_Exercise_
Leave out the pictures and repeat exactly the lines from the one containing "Tulle Bow High" through the final line of the listing below.
+++ Information supplied +++
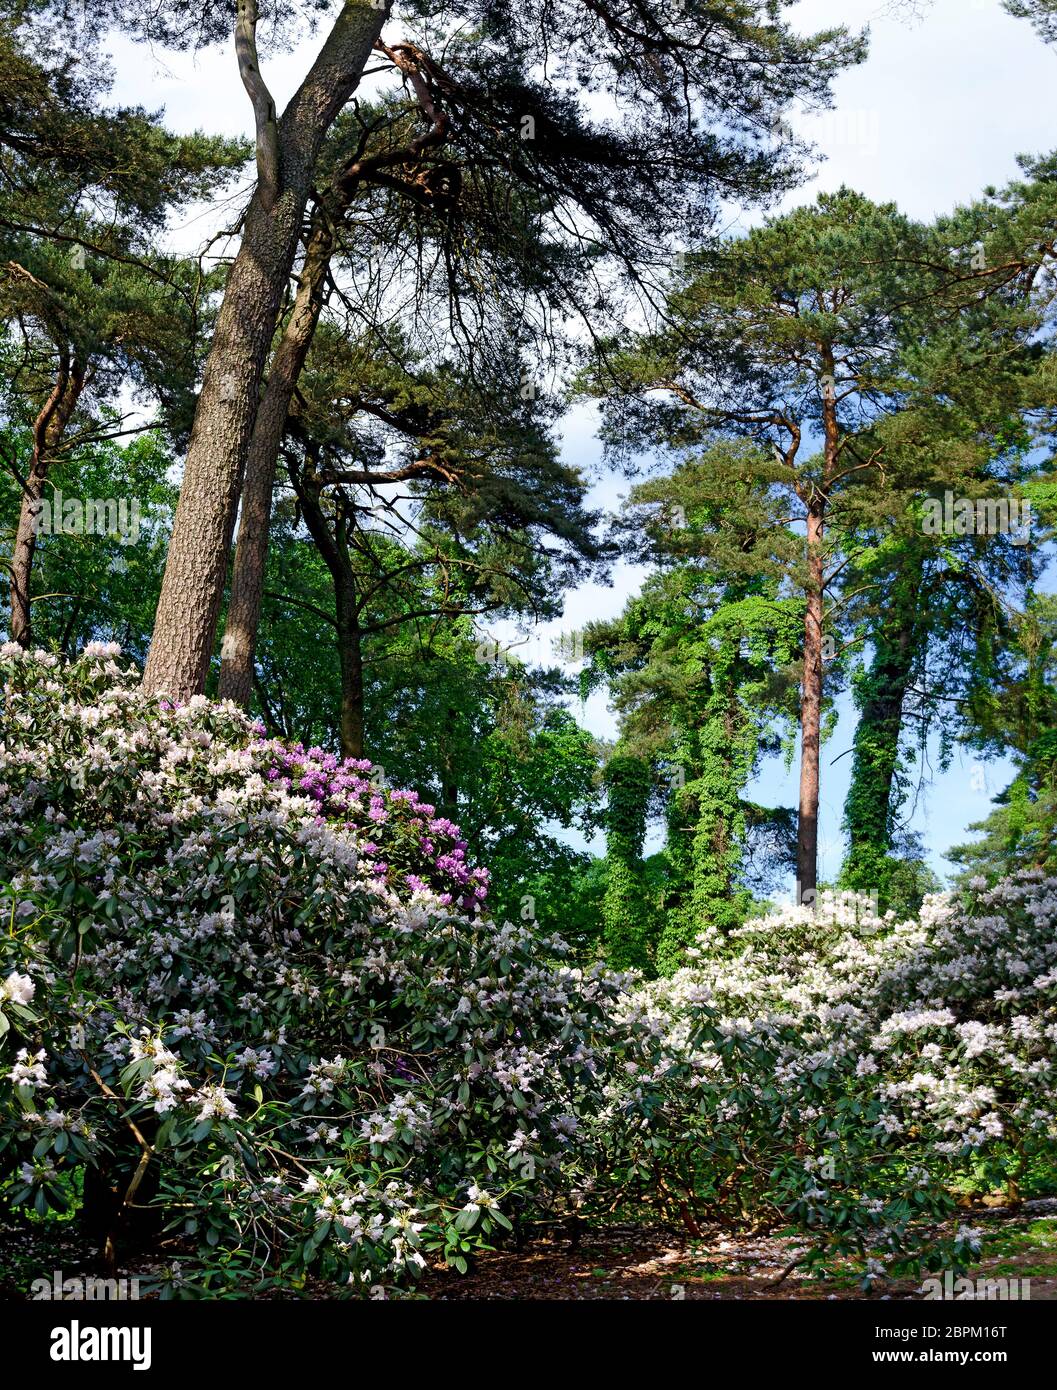 forest with pines and bushes of rhododendrons at Rostock, Germany Stock Photo
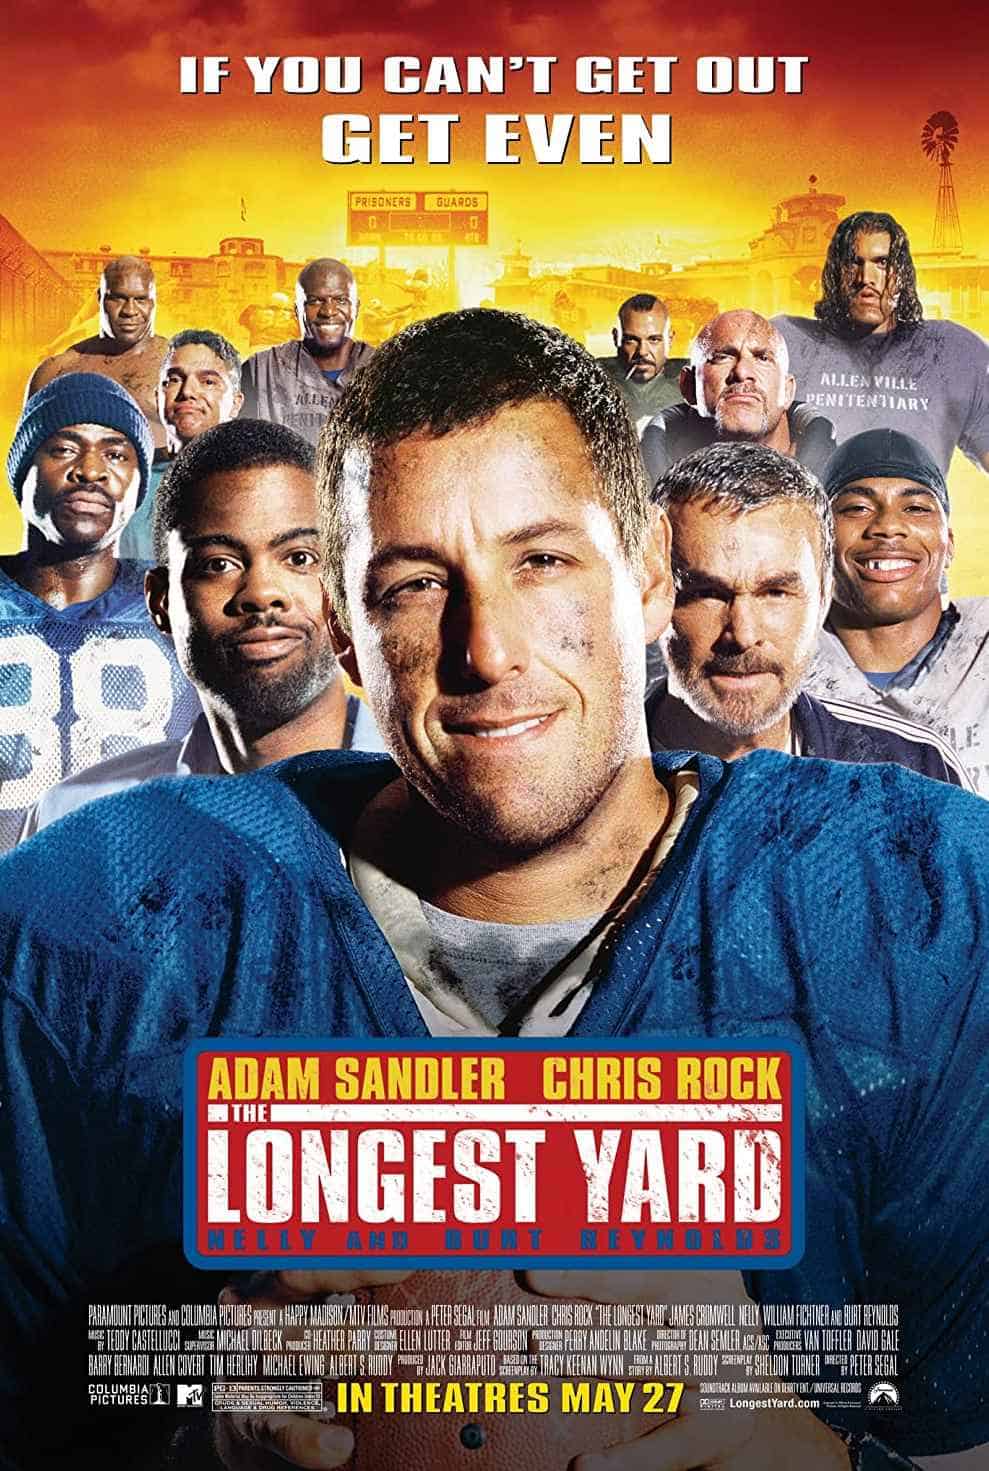 Best Prison Movies You Can't Miss The Longest Yard (2005)
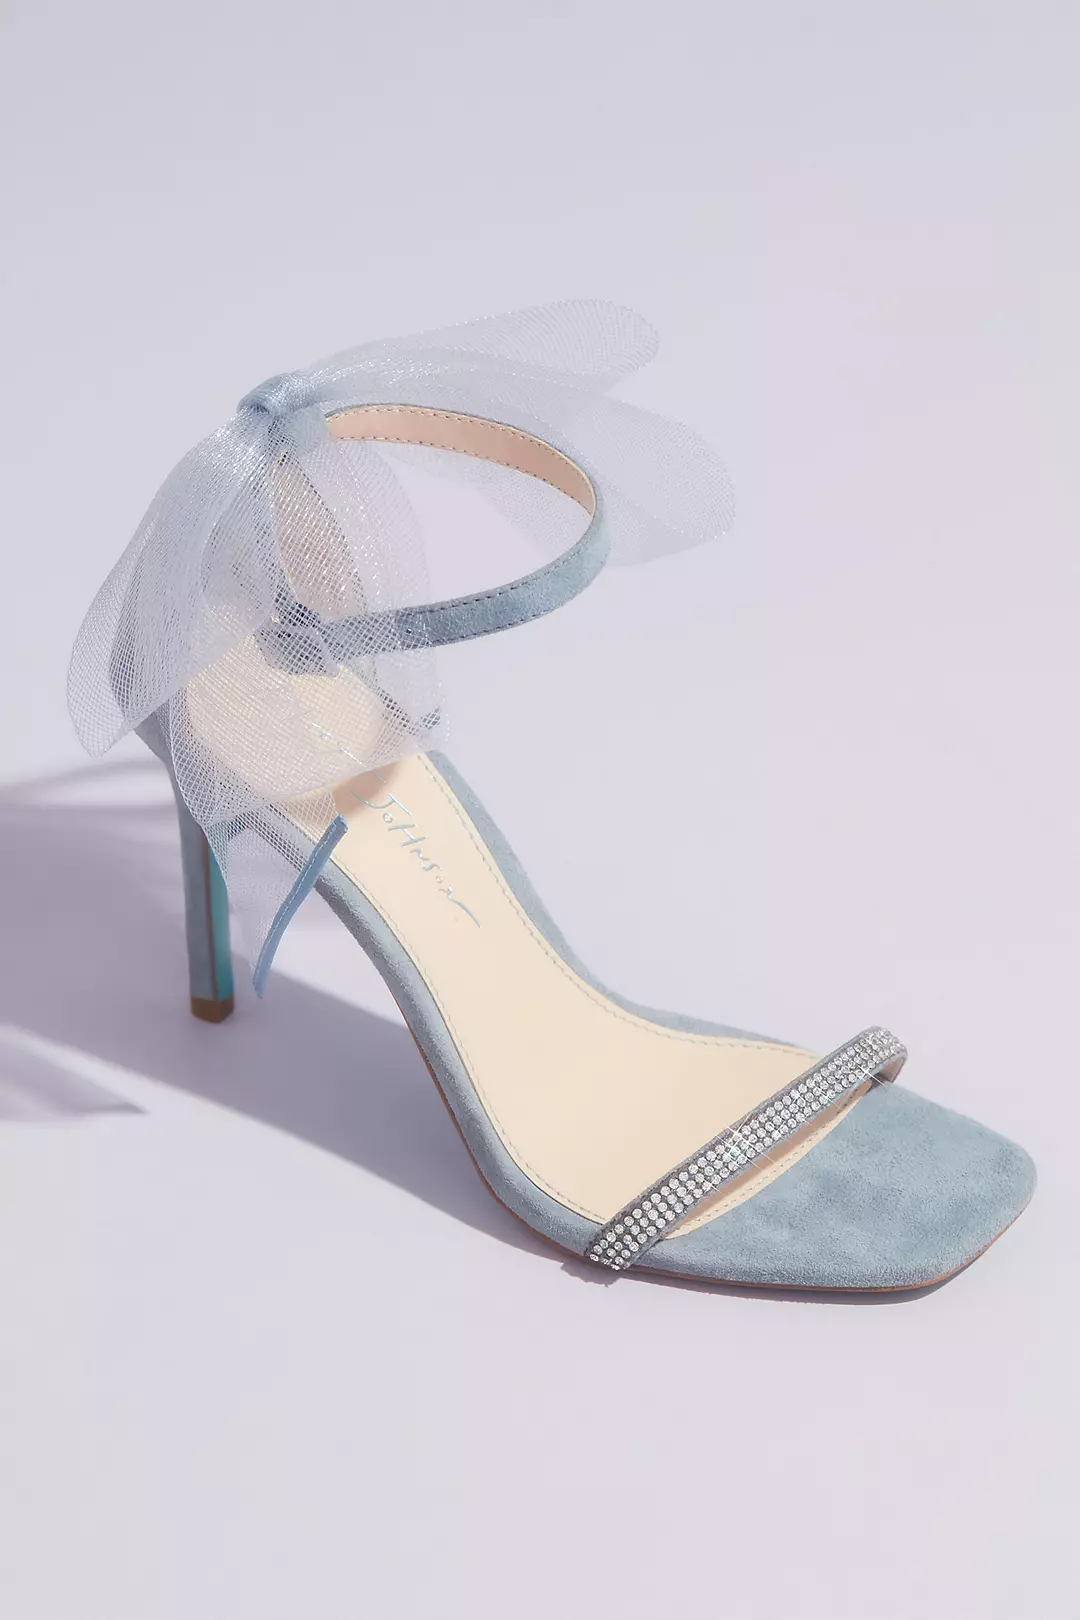 Tulle Bow High Heel Ankle Strap Sandals Image
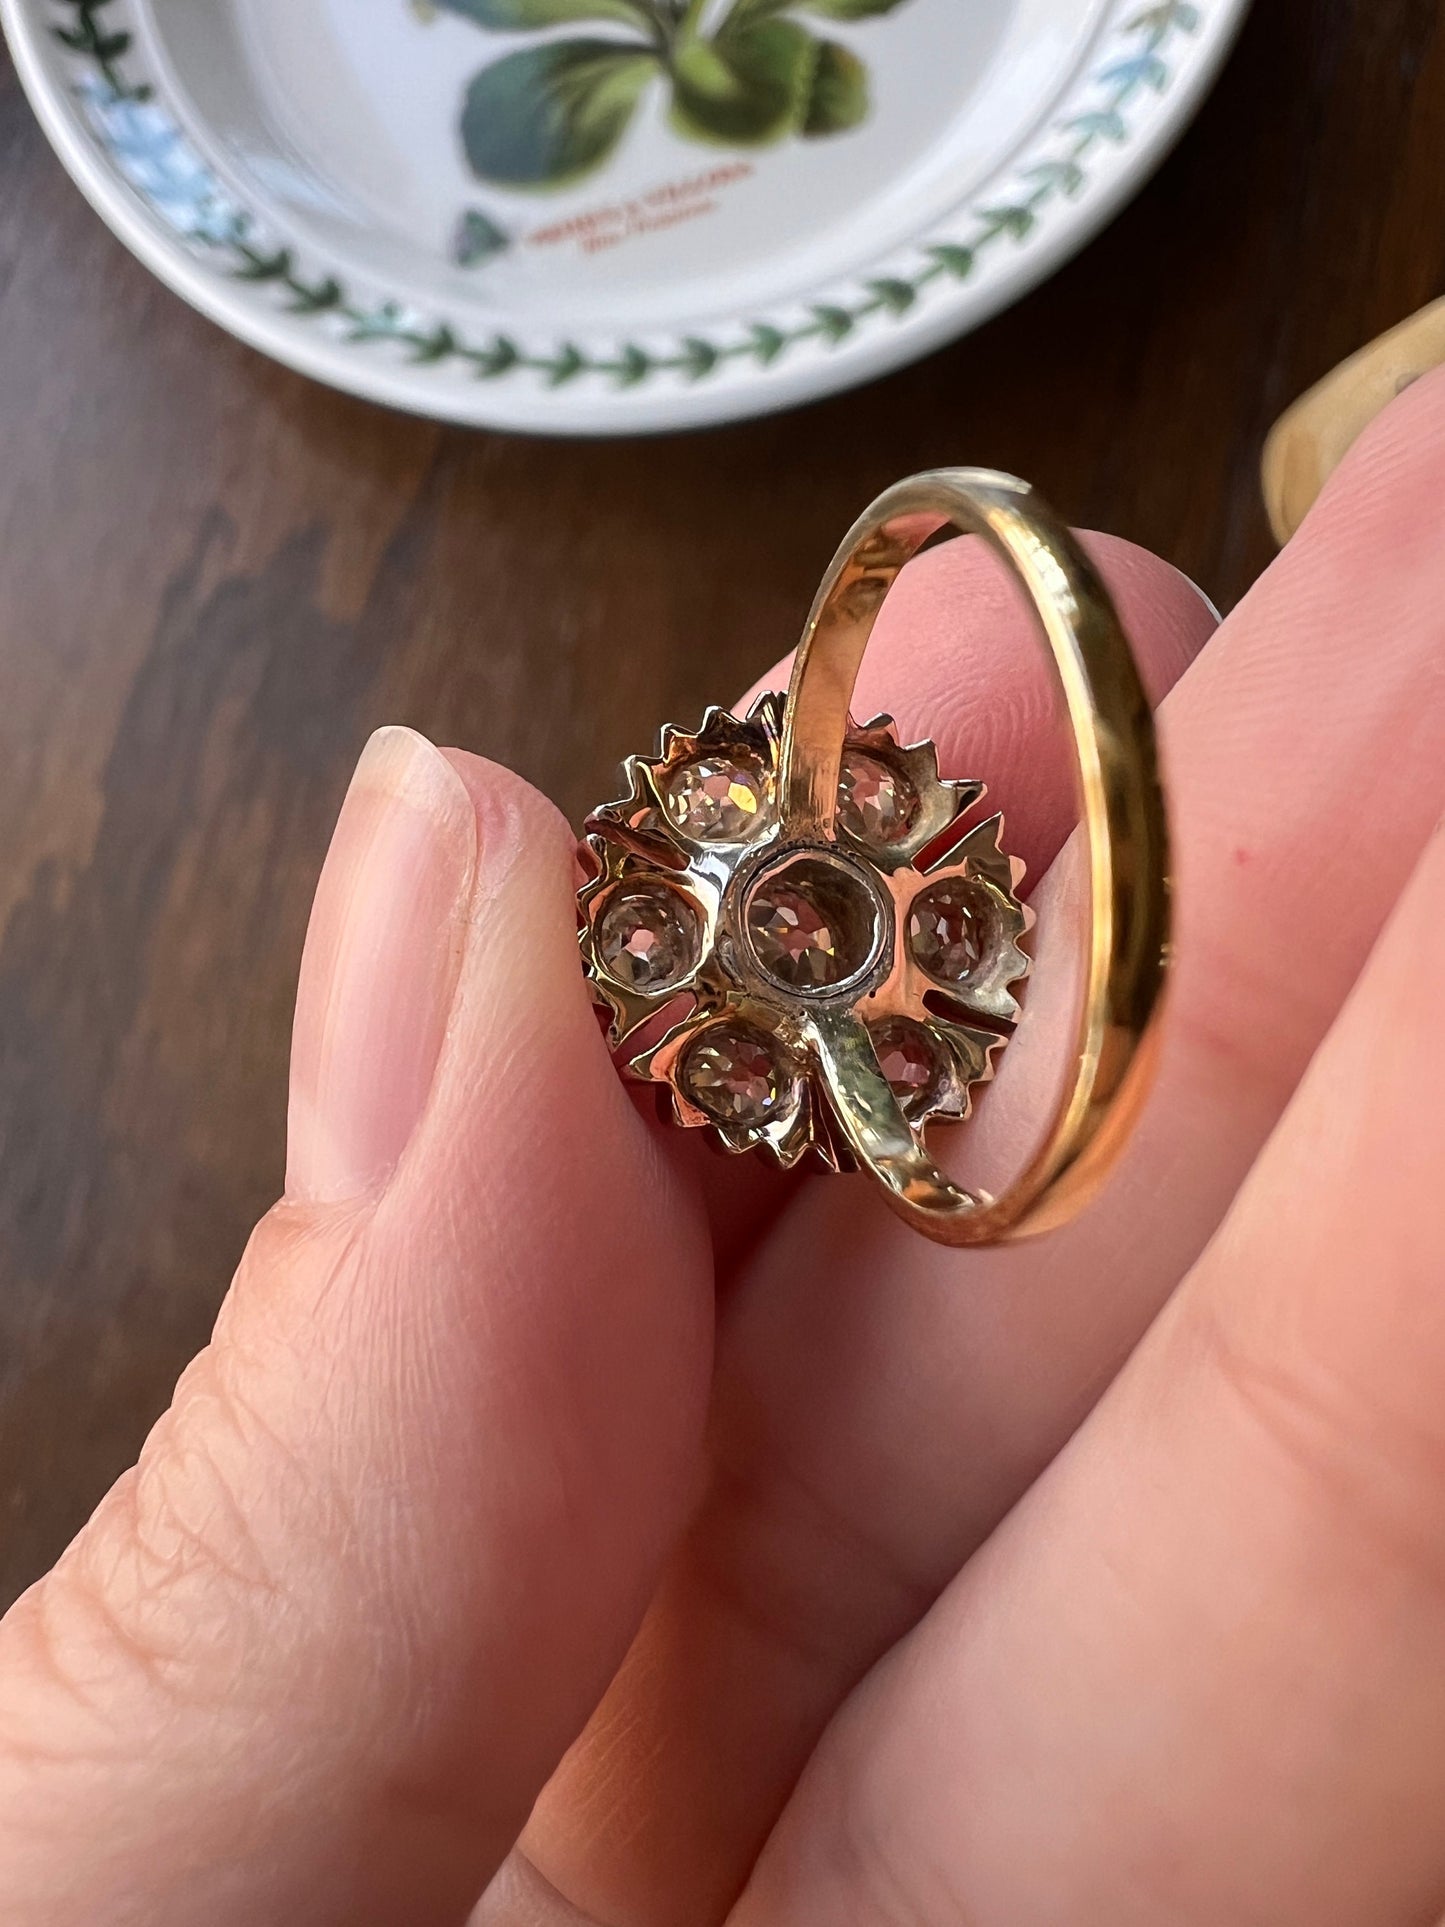 FLORAL Victorian ANTIQUE 1.7 Carat Old Mine Cut DIAMOND Daisy Cluster Ring 18k Gold Romantic Gift OmC Figural Flower Chunky 1.7Ctw Tdw OmC
+++
_Answer to this task_
 Tulle Bow High Heel Ankle Strap Sandals Image
 FLORAL Victorian ANTIQUE 1.7 Carat Old Mine Cut DIAMOND Daisy Cluster Ring 18k Gold Romantic Gift OmC Figural Flower Chunky 1.7Ctw Tdw OmC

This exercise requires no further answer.